For this exercise, write out the full listing that follows exactly and skip its pictures.

--- Source material Enclosed Below ---

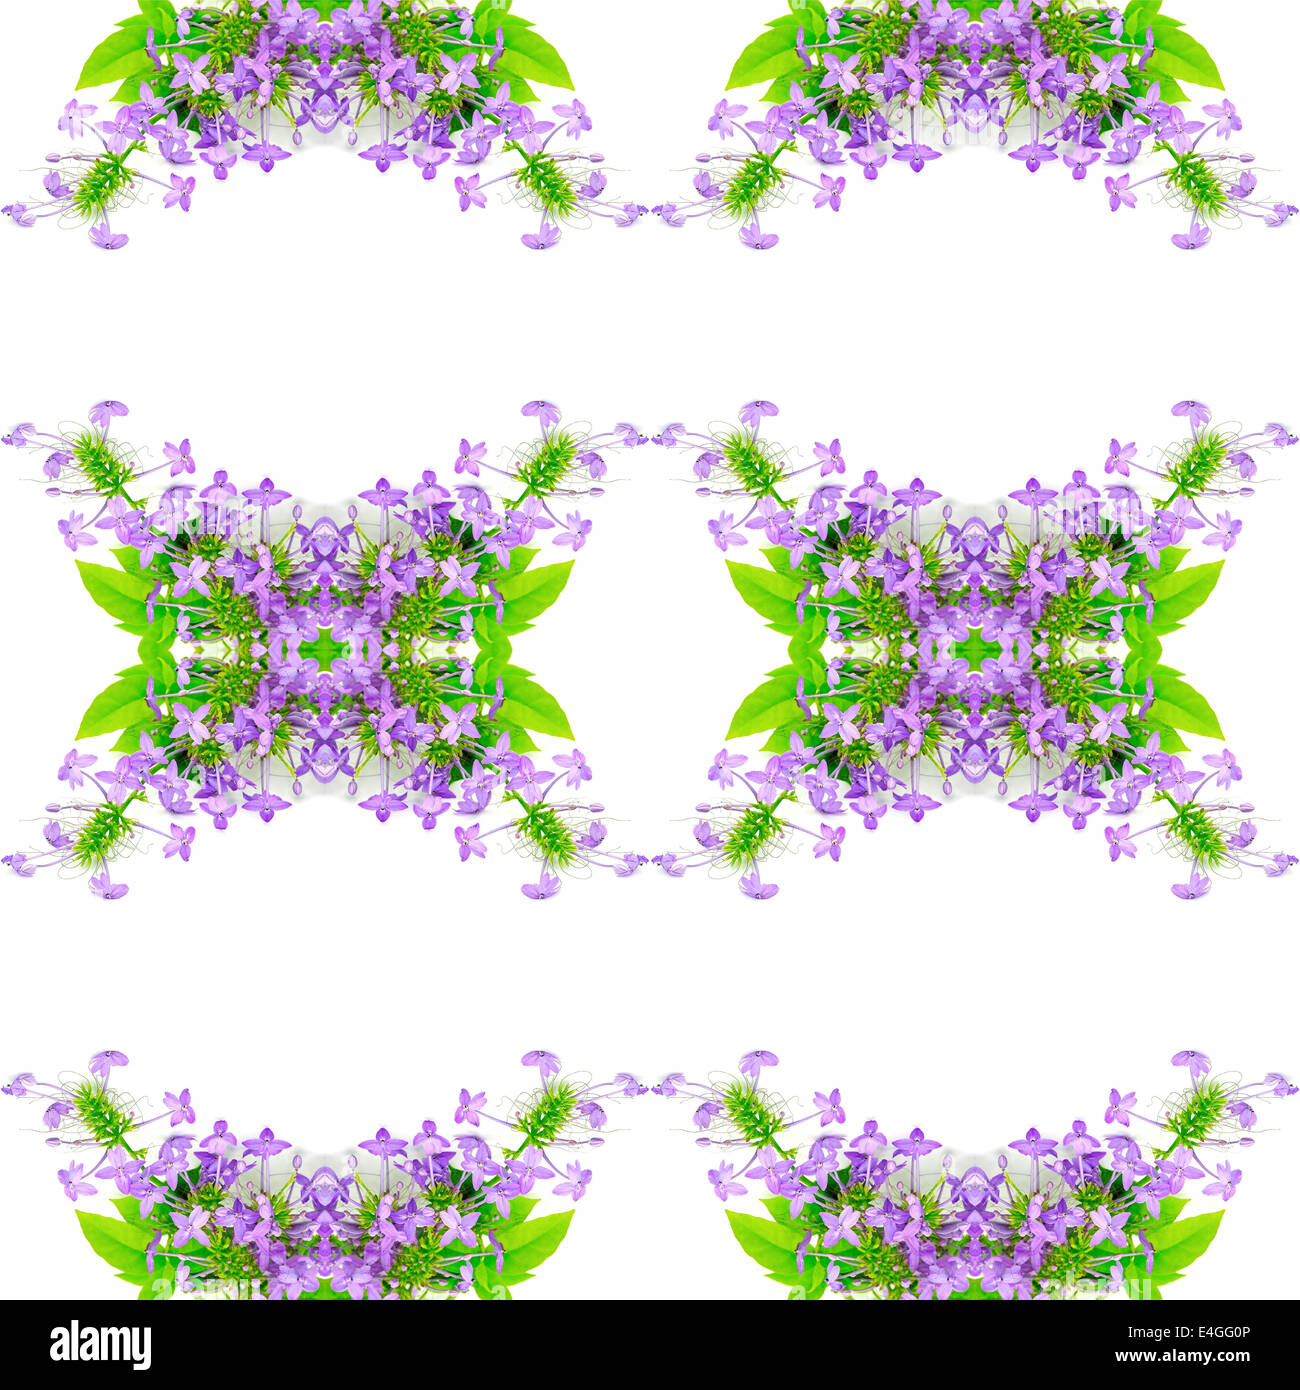 Belle fleur pourpre, violet Ixora (Pseuderanthemum andersonii), isolé sur fond blanc Banque D'Images
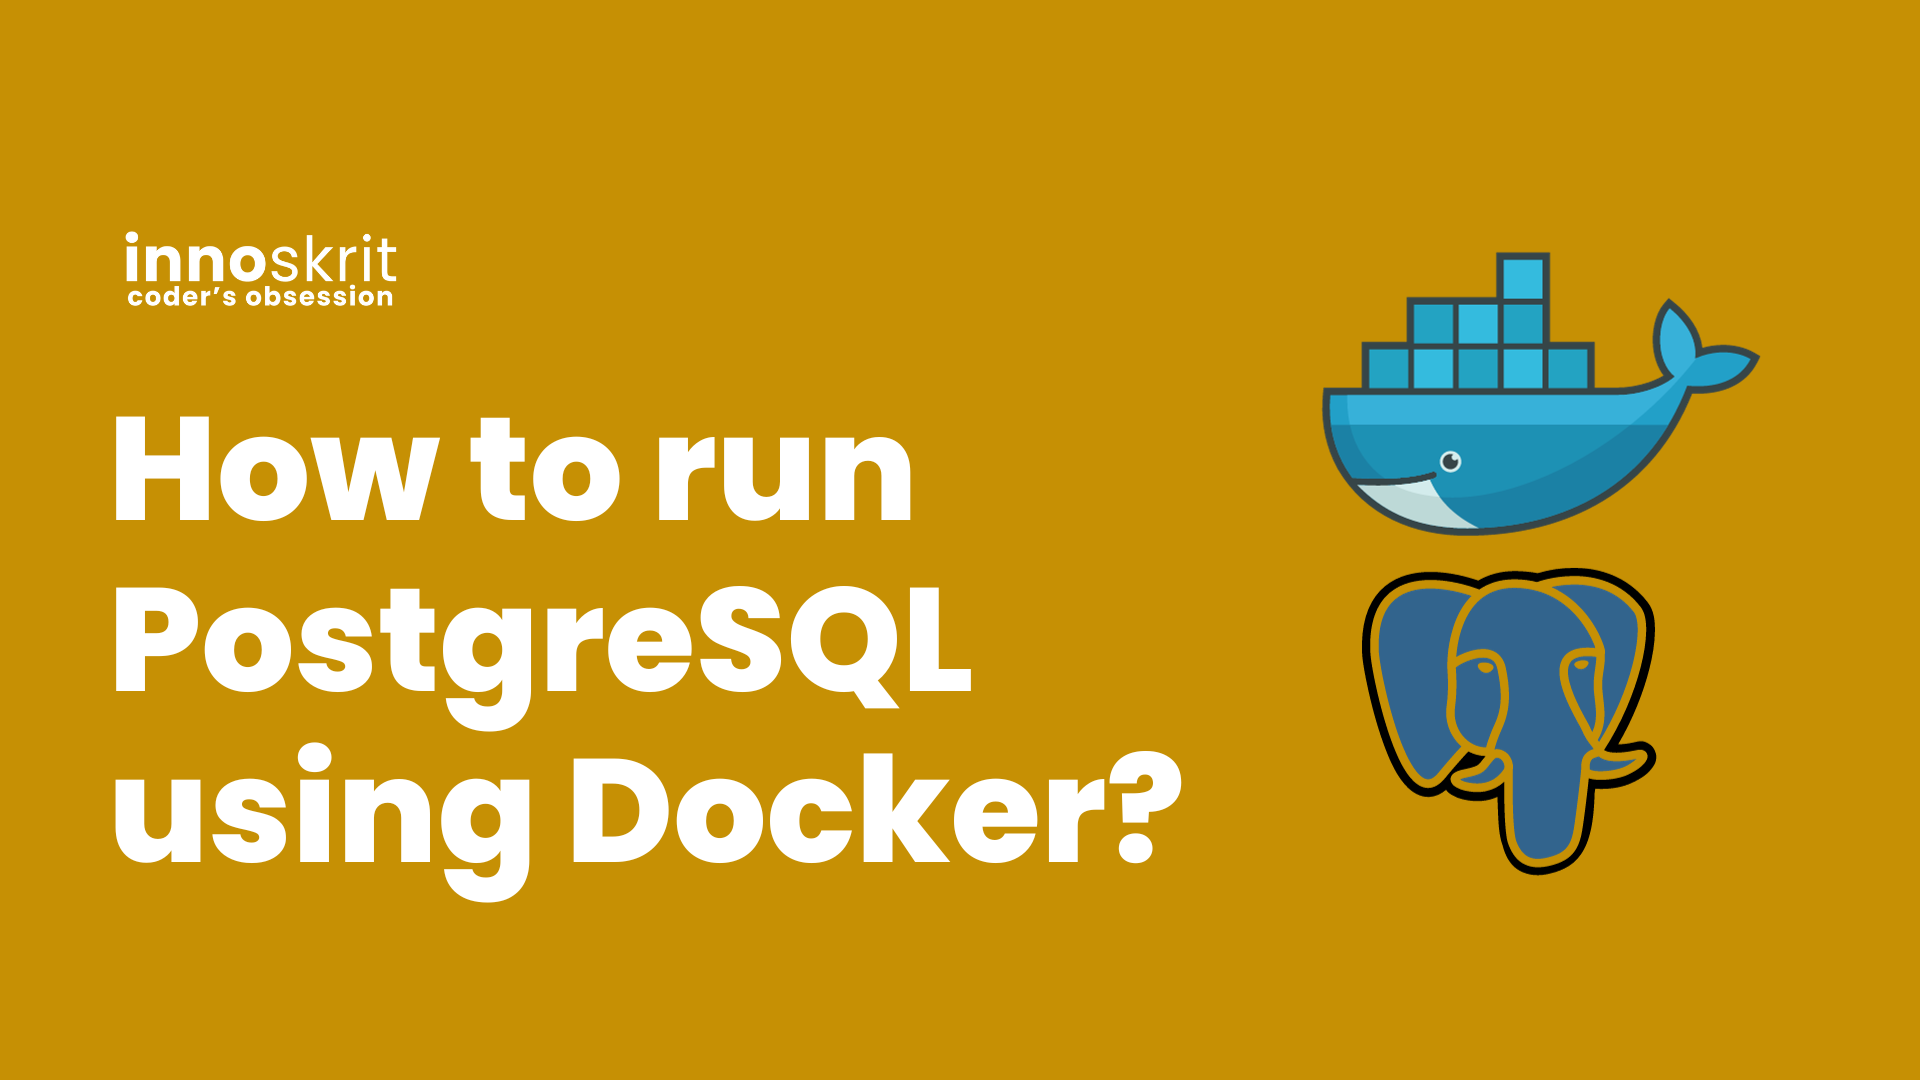 How to run PostgreSQL using Docker?
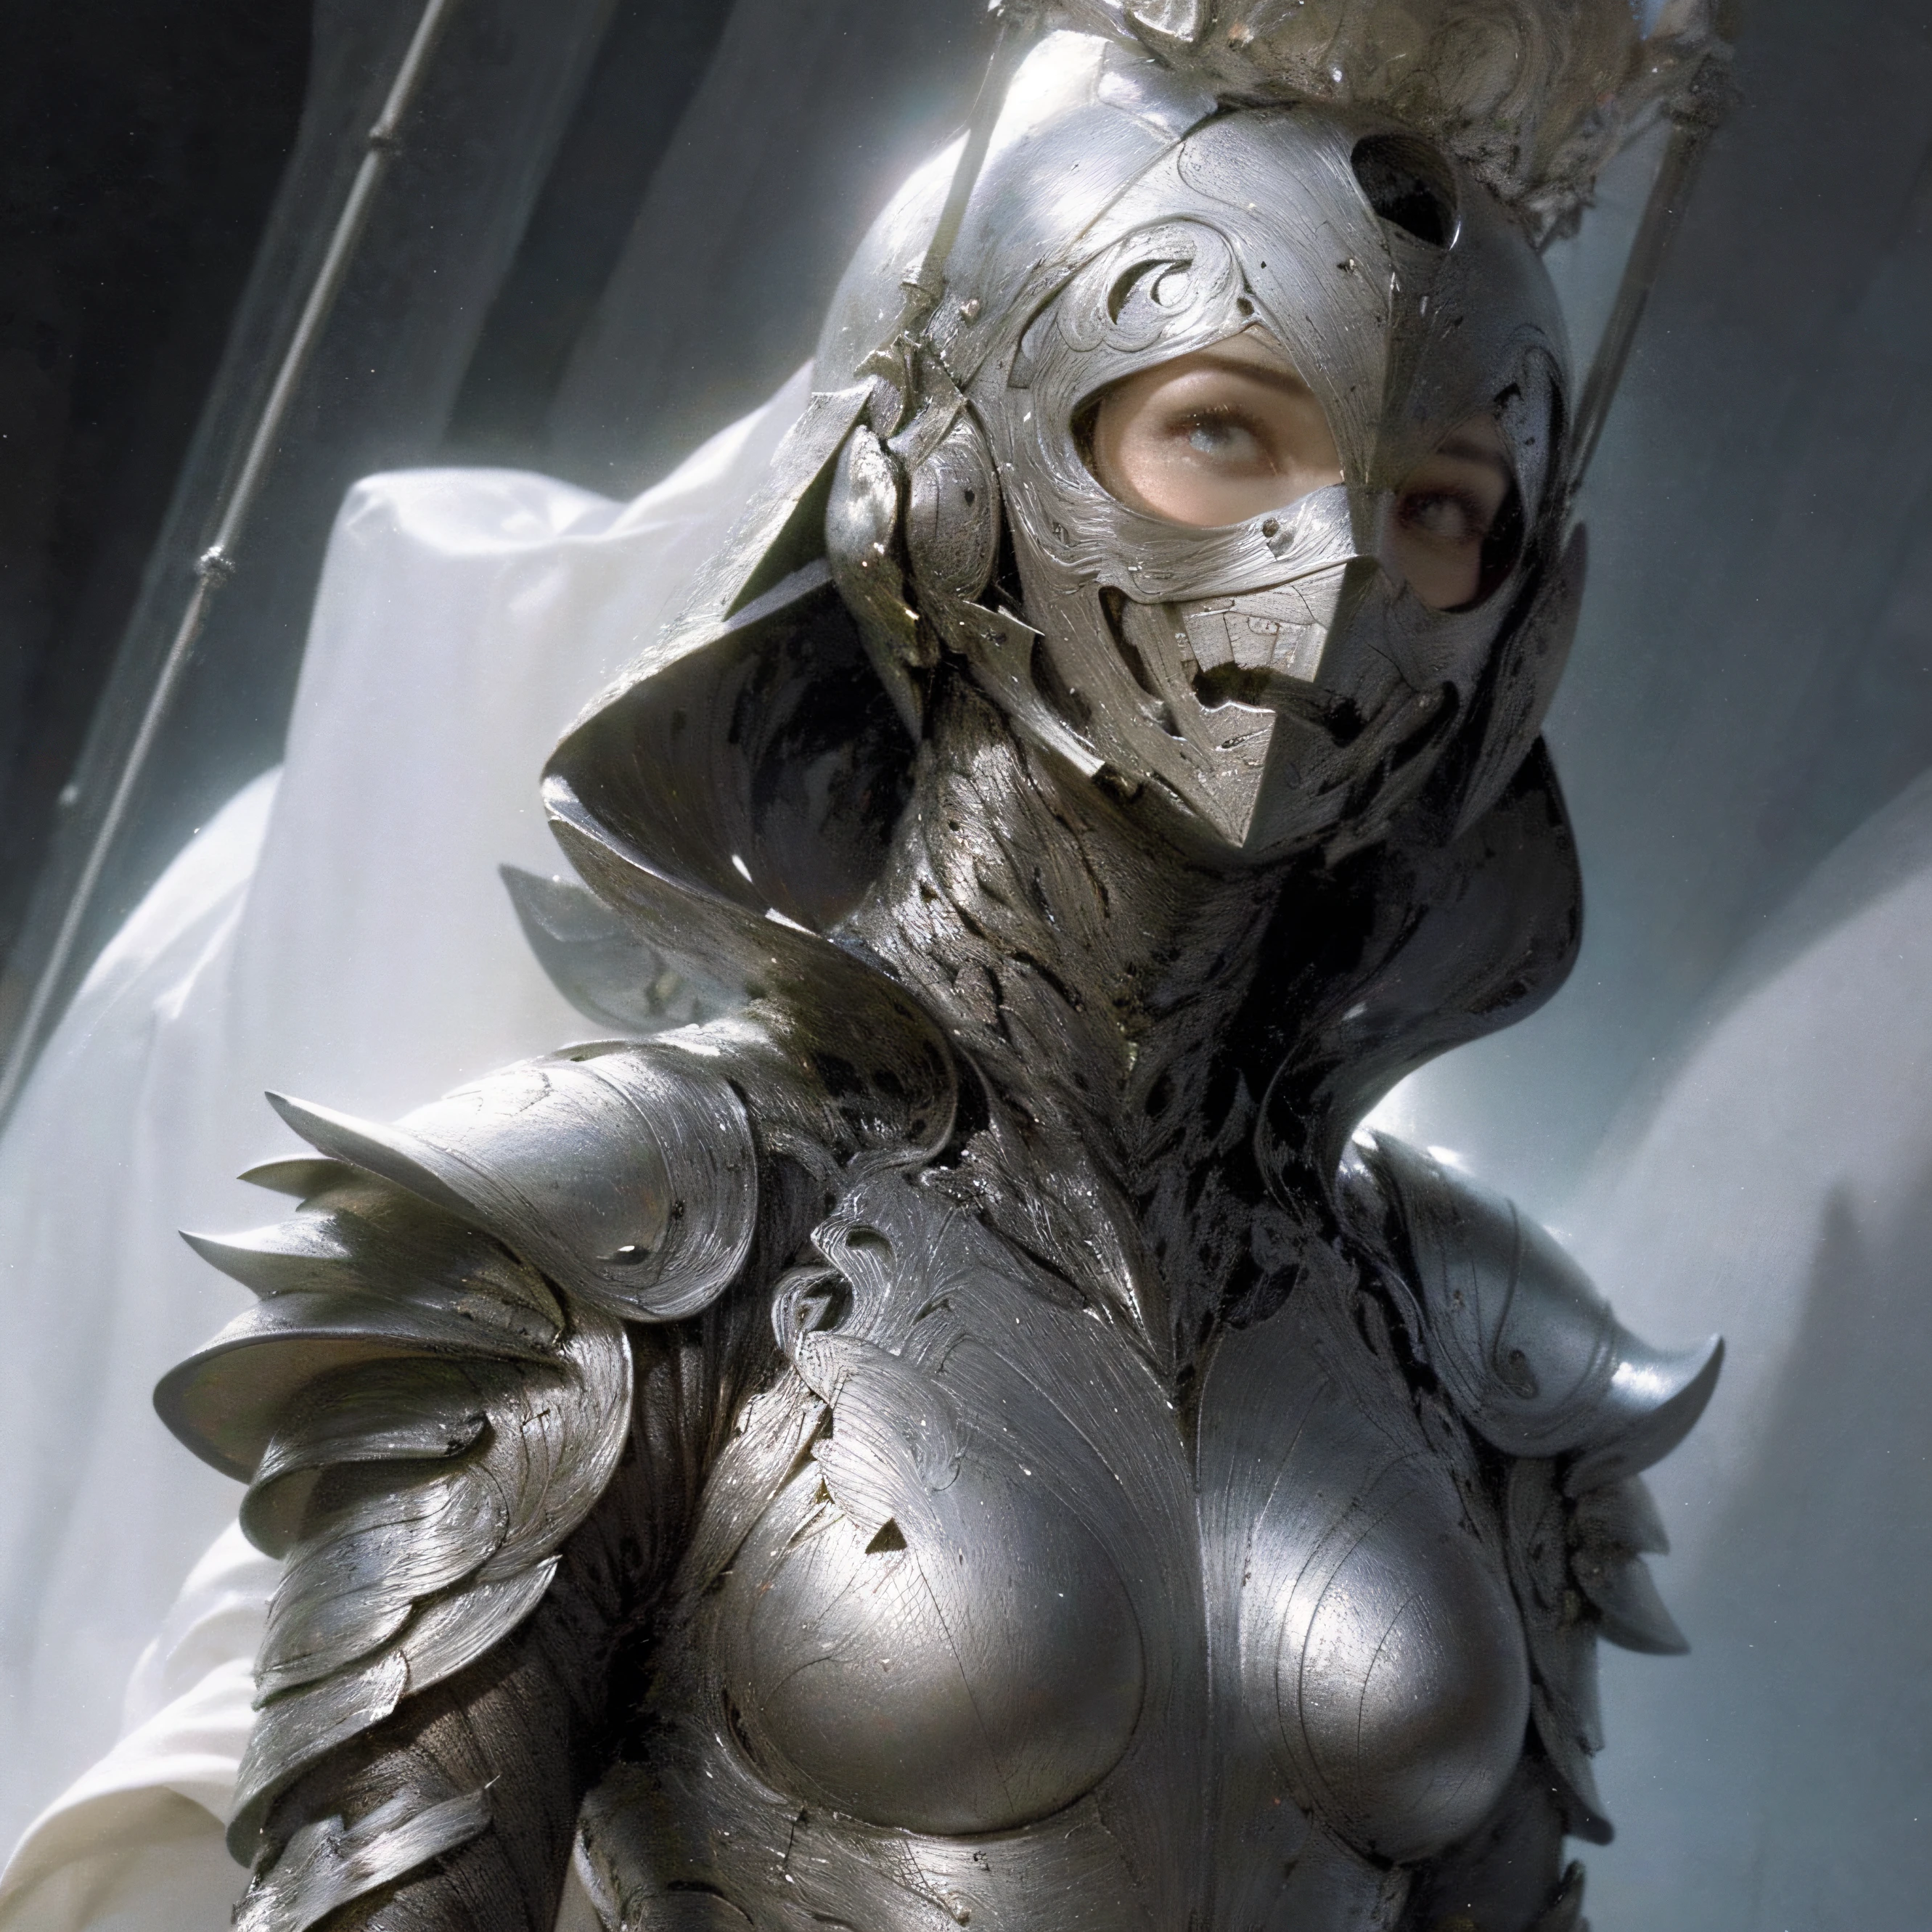 Black armor wrapped，shelmet，White cape，Older women，modern day

--- End of Enclosed Source material ---

• Response area
 Belle fleur pourpre, violet Ixora (Pseuderanthemum andersonii), isolé sur fond blanc Banque D'Images
 How to run PostgreSQL using Docker?
 Black armor wrapped，shelmet，White cape，Older women，modern day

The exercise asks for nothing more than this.